Divad a écrit: |
D'où la question suivante, n'y a t-il pas selon toi une médiocrité massive de la société? Il y a dans ma question une grande part de désespoir quant à l'avenir d'une société toujours plus léthargique. Son réveil ne pourra ainsi avoir lieu qu'après des évènements de grandes ampleurs (écologique, identitaire...) et à mon avis violents. La démocratie fascisante nous dirigeant n'est que le reflet d'une société toujours plus replié sur elle même. Et voici ma dernière question: comment vois-tu l'avenir? Local, global?
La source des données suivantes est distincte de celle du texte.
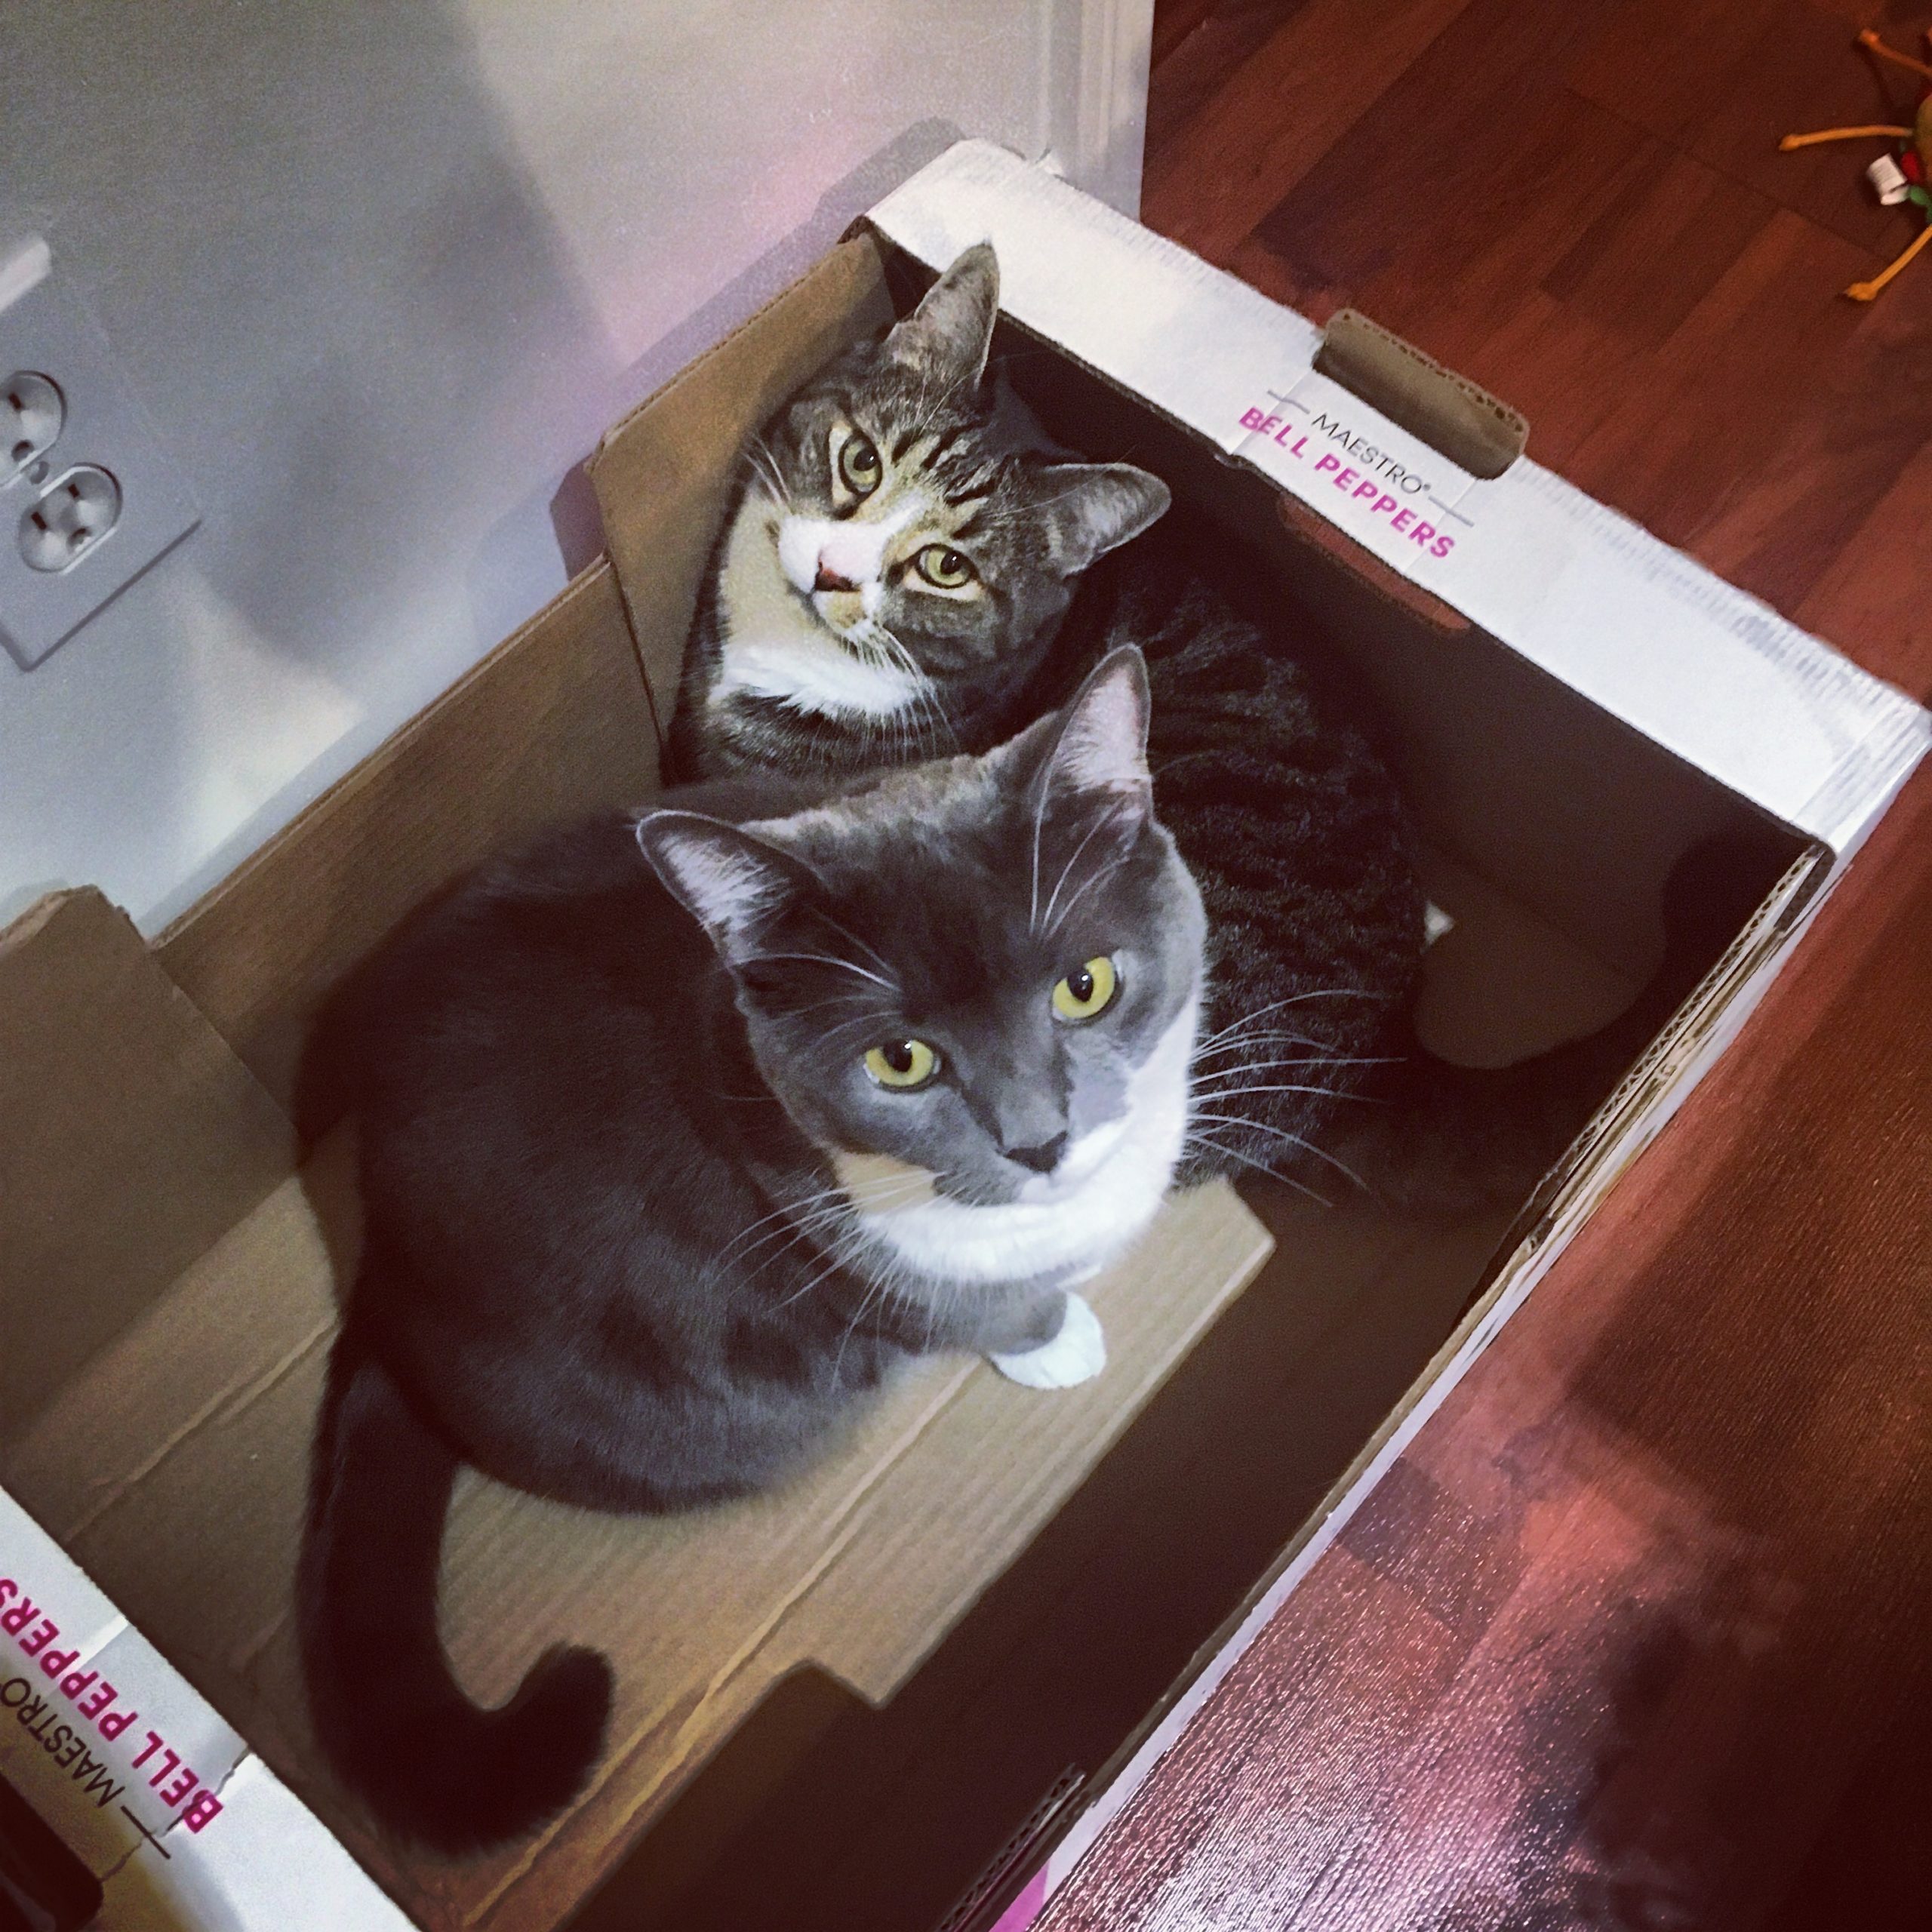 Watson & Crick in a Costco box

Penses-tu qu'une minorité puisse renverser la majorité en place ou voulant la place?! |
Salut Divad,
Parfois je partage ton intuition, à savoir qu'aucun sursaut n'est à attendre face à la léthargie rampante sans une guerre, une catastrophe climatique, un choc ultra-violent.
Et parfois, le plus souvent, j'essaie d'être attentif aux bruissements, aux frémissements des alternatives et à la façon dont, individuellement ou collectivement, la nouvelle génération parvient à se ménager des vacuoles de liberté et à déployer une vie intense, riche.
Nous traversons, comme l'avait dit Guattari, des années d'hiver depuis 1980, après la très belle période des 30 glorieuses et la vitalité magnifique des années soixante et soixante-dix qui se lit au dynamisme politique, à la fréquence des expérimentations, à la qualité de la production littéraire ou musicale, etc. C'est en tout cas ce que je ressens.
J'ai la chance de vivre dans un milieu assez militant et artiste (ma femme est syndicaliste, toute ma belle-famille milite au NPA, à la Ligue des droits de l'homme, mes amis du Vercors sont des activistes engagés) et forcément, mon regard est différent parce que je vois beaucoup de luttes se faire et d'expérimentations artistiques très intéressantes se mettre en place, se déployer. Je pense que l'avenir, en occident, se jouera sur la capacité des mouvements de fond (écologie, art engagé, alternatives urbaines et rurales, décroissance, errorisme, boboisme pourquoi pas…) à contaminer la société.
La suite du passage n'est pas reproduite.